I’m not going to lie, returning to work last Monday after 4 months of maternity leave was rough. I cried.
As much as I thought about it before the day actually arrived, I wasn’t prepared for the emotions that rushed in the second my alarm went off that morning. I had prepped my lunches for the week on Sunday, Simon’s schedule was worked out with the nanny, J and I talked about how we were going to make the routine work…etc. I thought I was ready, but Monday rolled around and my plans crumbled right in front of me. At that point I did what any logical person would do, I sat down at the kitchen table and cried.
Simon slept a little later or woke a little earlier (I can’t remember now – mommy brain) and I quickly realized that any sort of morning “schedule” was just going to be really hard with a 4 month old in the mix. I could plan as much as I wanted, it wasn’t going to make a damn bit of difference.
I am such a planner. I am organized and prompt. At least I used to be.
Taking 4 months off when I had Simon was a blessing. I fully recognize how lucky I am that I work for a company who offers maternity leave and paid time off (I saved some so that I could use it after my maternity leave ended), but I still want more time.
Pre-baby I hadn’t ever taken more than 3 weeks off of work at one time. I have worked for the same company for 13 years. I always talked about taking a leave of absence or working overseas or doing something different, but the grind of Corporate America and relationships got to me and I just never got around to any of that.
I got a taste of ‘not working’ though and I kind of liked it.

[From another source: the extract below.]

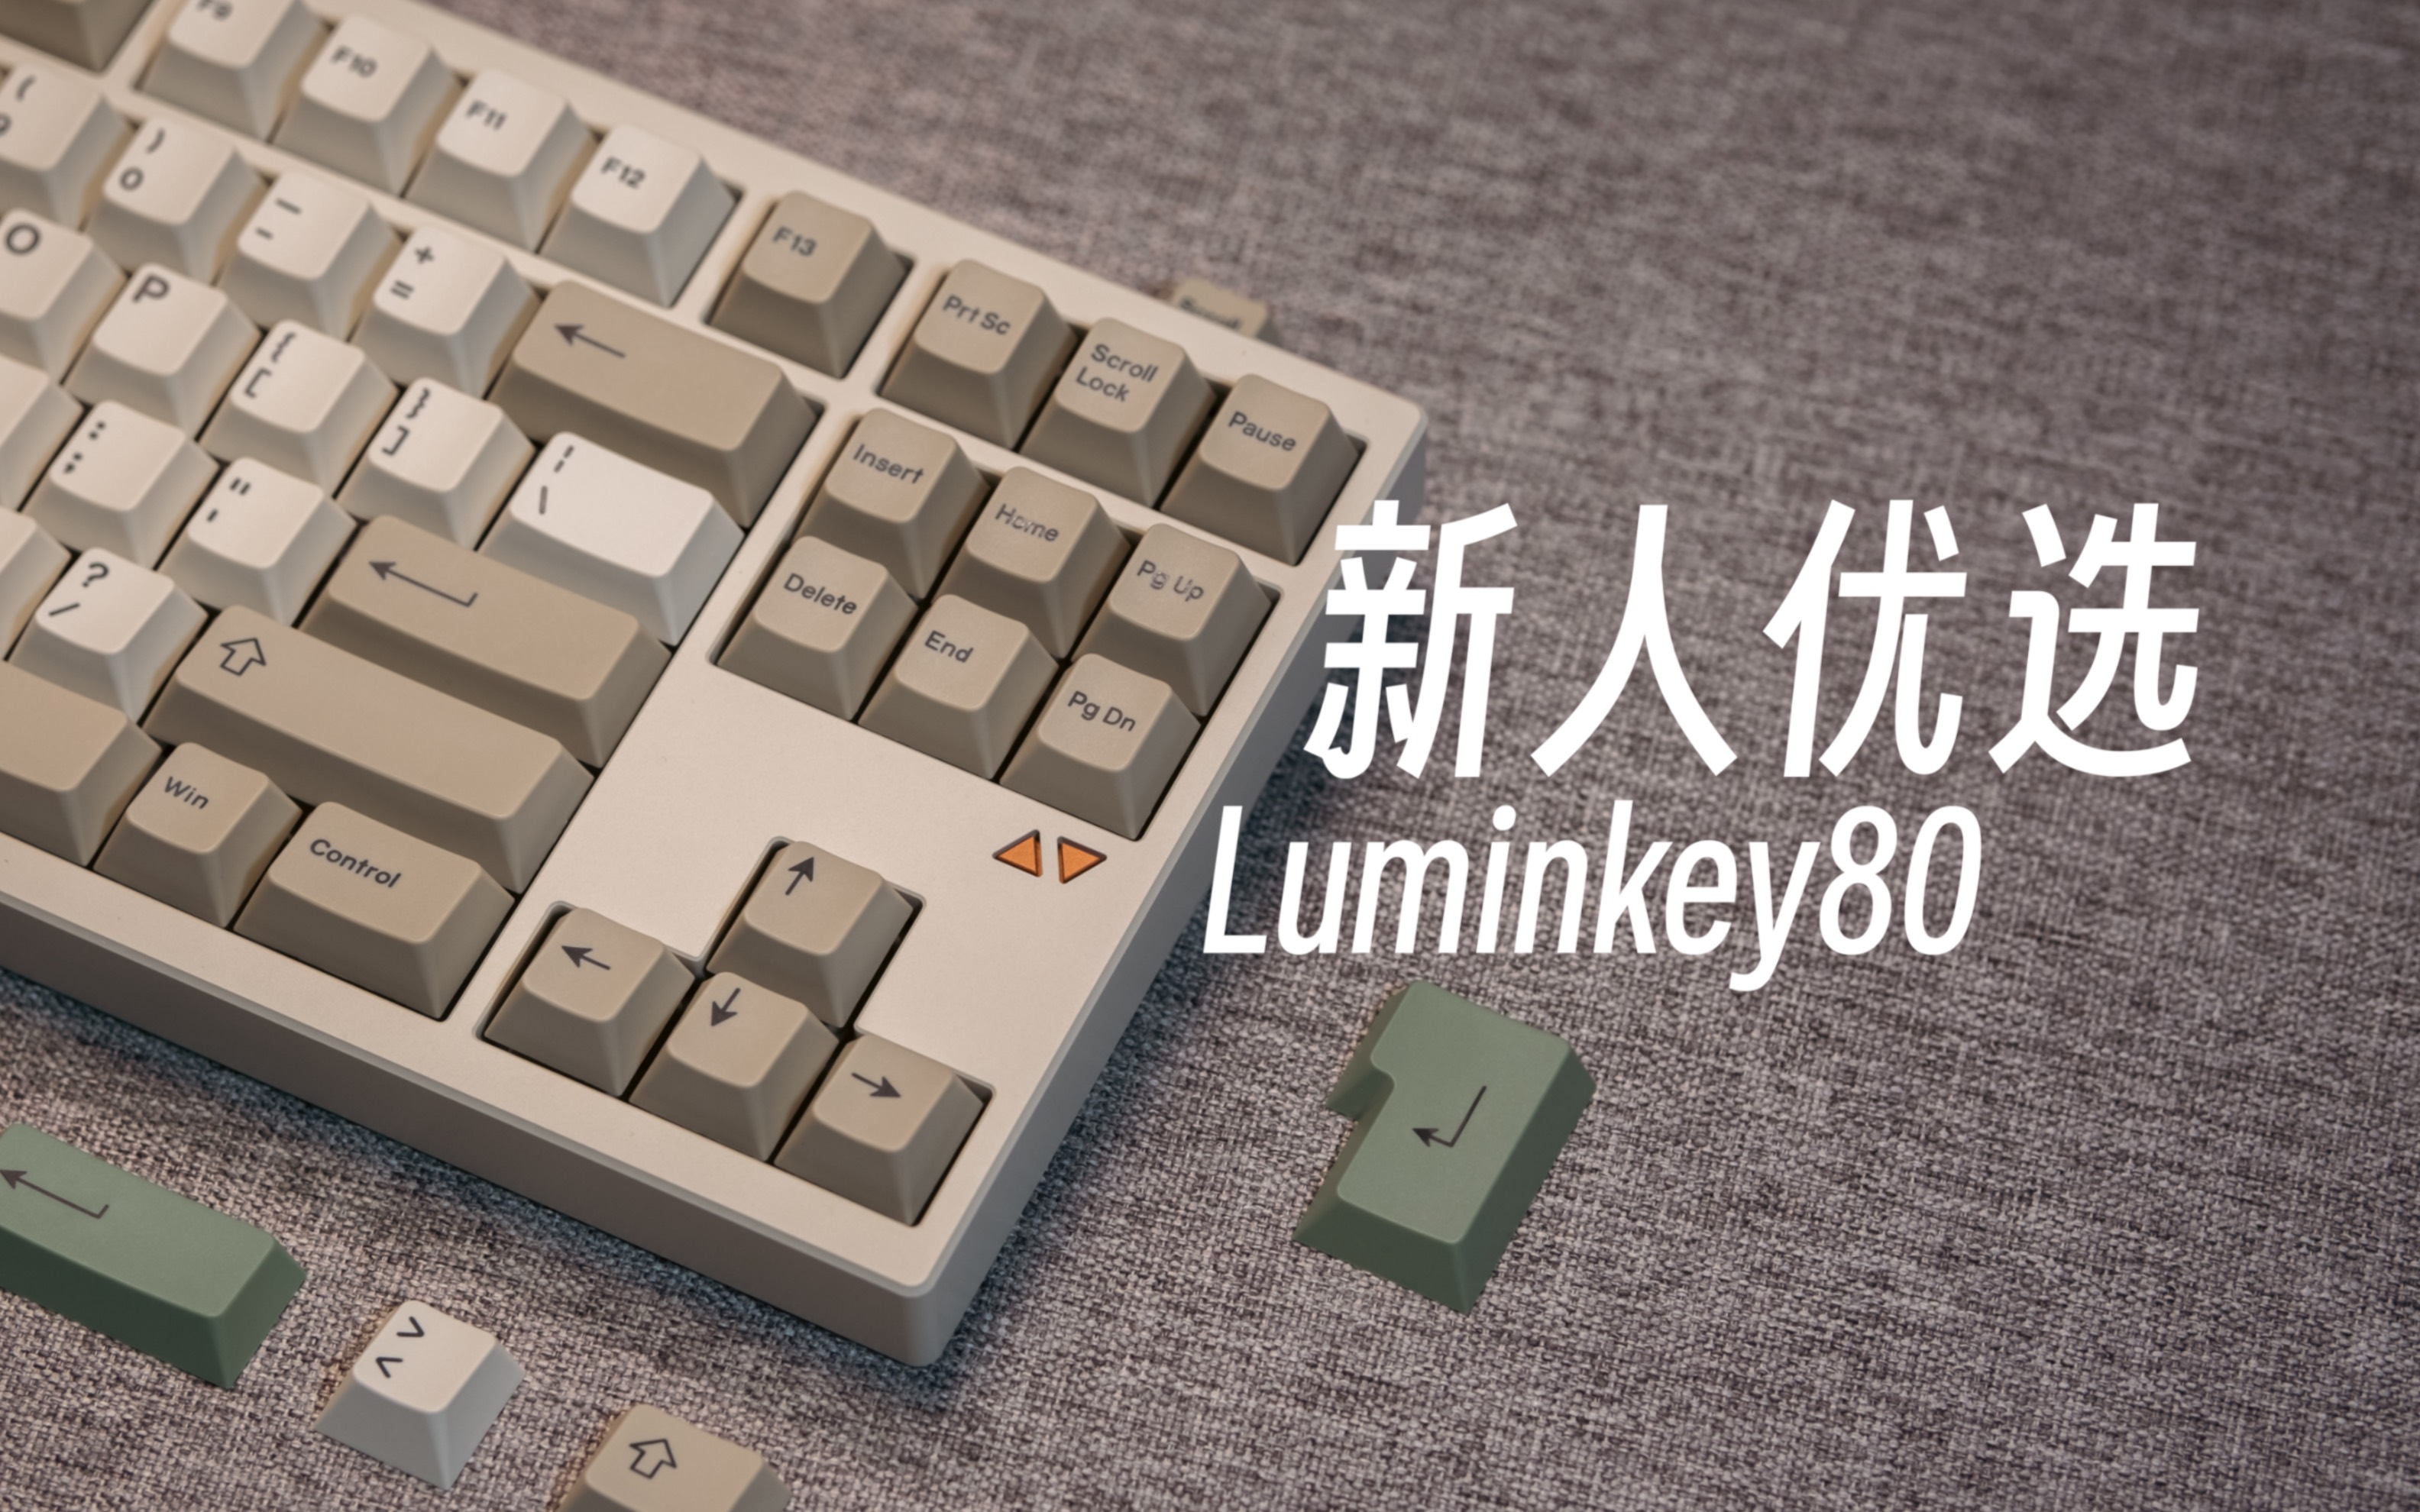 【装备】又一把入坑绕不开的键盘—Luminkey 80 By Createkeebs热插拔成品机械键盘游客制化机械键盘键盘套件阳极打字音助眠asmr【辣椒】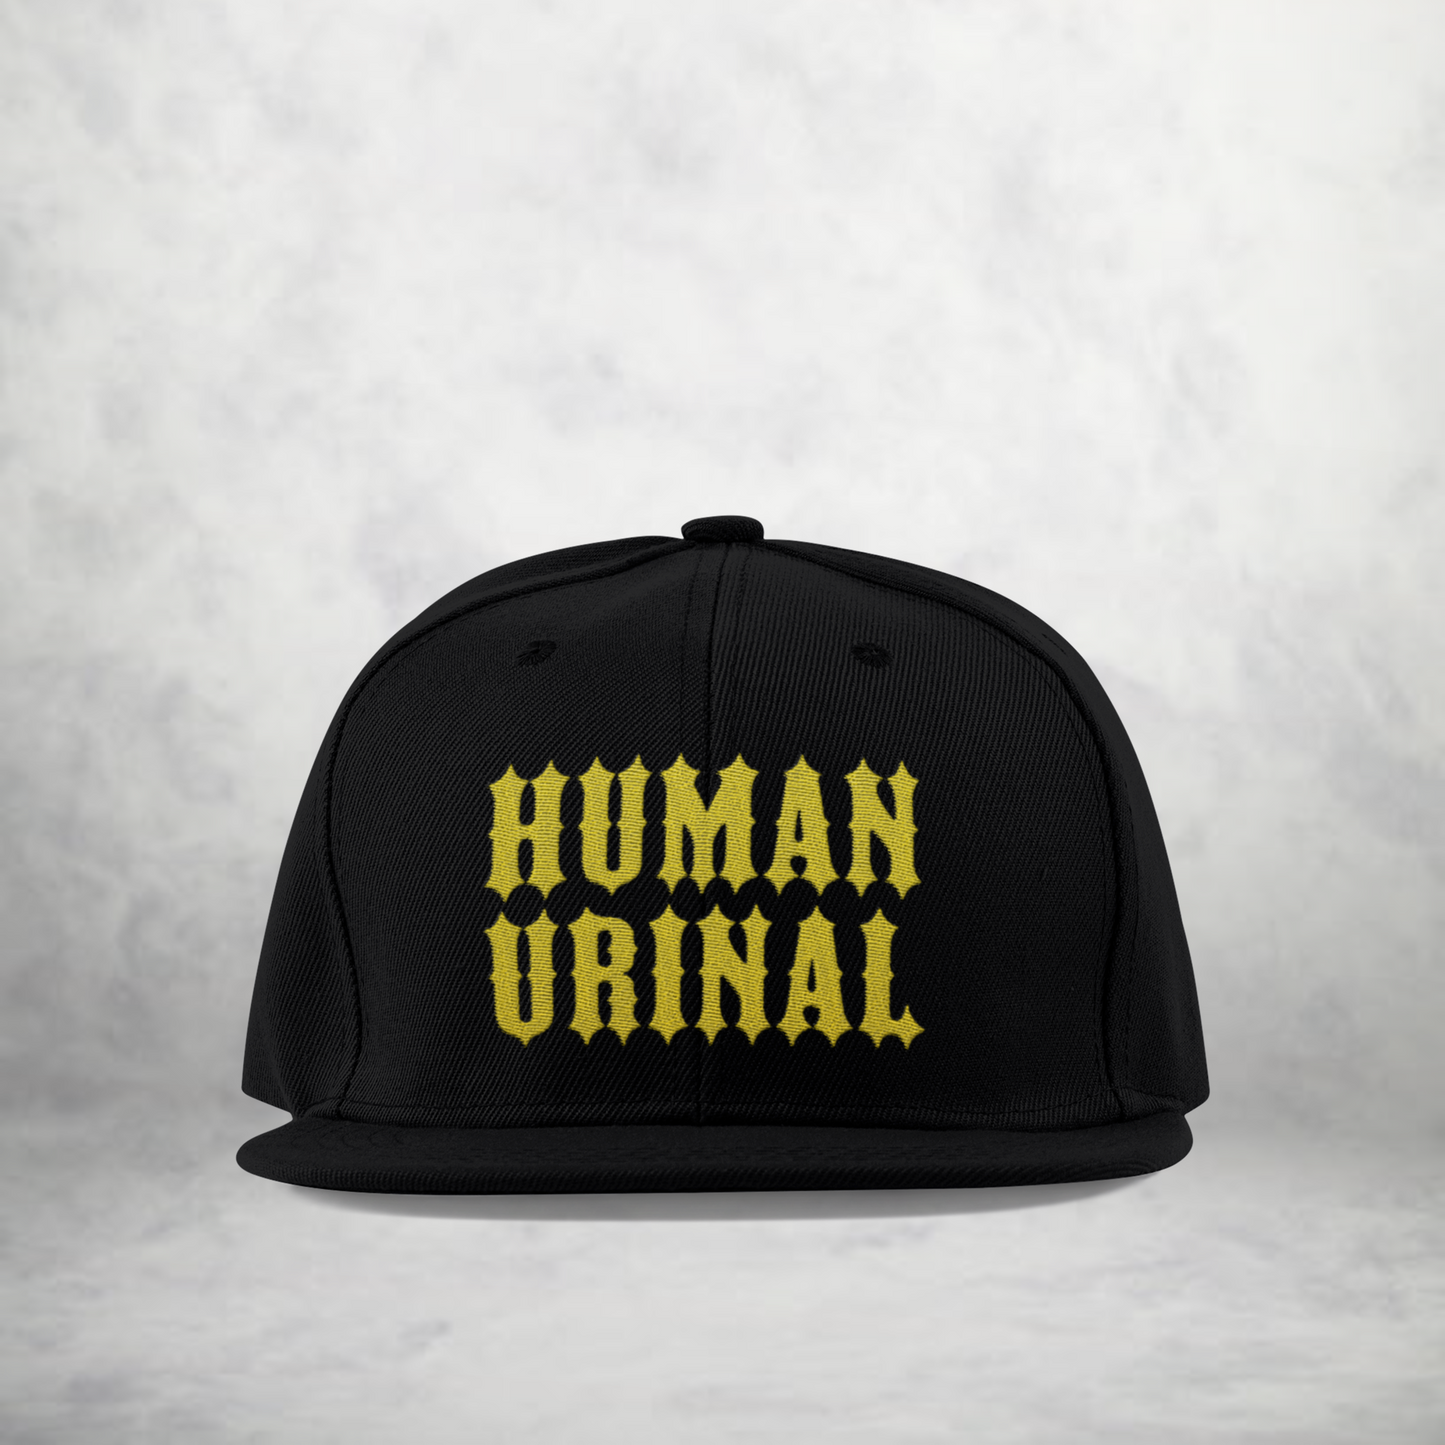 Human Urinal, Snapback Cap

Actually, I really liked it. If I didn’t have big dreams of owning a beautiful home in the Chicago area, being able to pay for Simon’s college, and taking family vacations now and then, I could absolutely consider taking more time off. It’s not that I don’t want to work at all, I do, it just stinks to have to leave Simon when he’s so young.
I didn’t know that I would feel this way. 4 months ago I would have told you that I would be ready to go back to work. That I might be one of those people who was actually knocking down doors asking to come back to work early because I didn’t have the patience… but I wasn’t. Now I know I’m not. Actually, I wish I lived in Europe or Canada and could take a full year off and then I still probably wouldn’t be ready.
Maternity leave went way too quickly. My desire to enjoy the summer, take long walks by the lake and join mommy groups was thwarted by the fact that it’s just really hard to get your sh*t together when you have a newborn. I sort of understood that theory going into mommyhood, but I didn’t know that. I thought that I would just make it work.
I am an organized, thoughtful, put together person – I could absolutely care for a baby. Yet I brought this innocent life home and everyday for weeks I thought, “why am I trying to reason with a 2 week old and why is he winning?!”.
I spent the first 6-8 weeks in and out of a new baby haze. Making it through the day on my own while J was at work felt like an accomplishment in itself (especially if I had eaten lunch or was showered when he got home!). Add to that some trouble with breastfeeding and trying to get Simon to appreciate naps and I was too tired to do much else.
Every day that it felt hard I reminded myself that “this too shall pass”. And it did. Too quickly. Even the hard parts. Even the parts where I desperately googled the answer to crazy questions at 3AM. It went too fast. I blinked an eye and 4 months had passed. Simon went from teeny tiny blob to curious, cooing, cuddly, rolling all over the place baby right before my eyes.
I guess if I am honest I am a bit bitter that just as things were getting easier I started back at work. I’m not even suggesting that I had a difficult baby – I don’t think I did – I think I just had an infant and we needed to get in sync and figure each other out. Now we leave the house with ease, we take daily walks, we run errands, and I understand Simon’s schedule and what he needs.
And now I am back at work. With mommy brain in full effect.
I’m at the end of week 2 and my brain just isn’t quite fully in the game yet. Every mom that I’ve talked to says it takes time, but I cannot believe how REAL “mommy brain” is. Not only do I miss Simon like crazy during the day, but I can’t wrap my head around work yet either. There are moments that I feel like I am staring at my laptop willing it to do whatever I need to do. Unfortunately, my computer can’t read my mind.
I know that I’ll get back into the daily grind of work and I’ll hopefully figure out the right balance of mom and employee, but right now? Right now it’s hard. Right now I am thankful for an understanding team and a great nanny who sends me pictures that tell me that Simon is happy and thriving during the day. He is getting wonderful care and lots of kisses from both my niece and my brother and sister-in-law’s new puppy.
Simon enjoying a walk with my niece.
I am grateful that Simon is a mere 2.5 blocks away from me, spending time with his cousin during the day. I know that we have it pretty good. I’ve taken advantage and have walked over there every day around lunchtime for a quick squeeze, but still, this returning to work thing isn’t easy. I know it just takes time – all around it takes time, but if I were to win the lottery or happen upon a load of cash, I wouldn’t complain about it :).
First 4 months passes in a flash and then next thing I know Simon is 18… I just don’t want to miss it. I am so scared of missing it.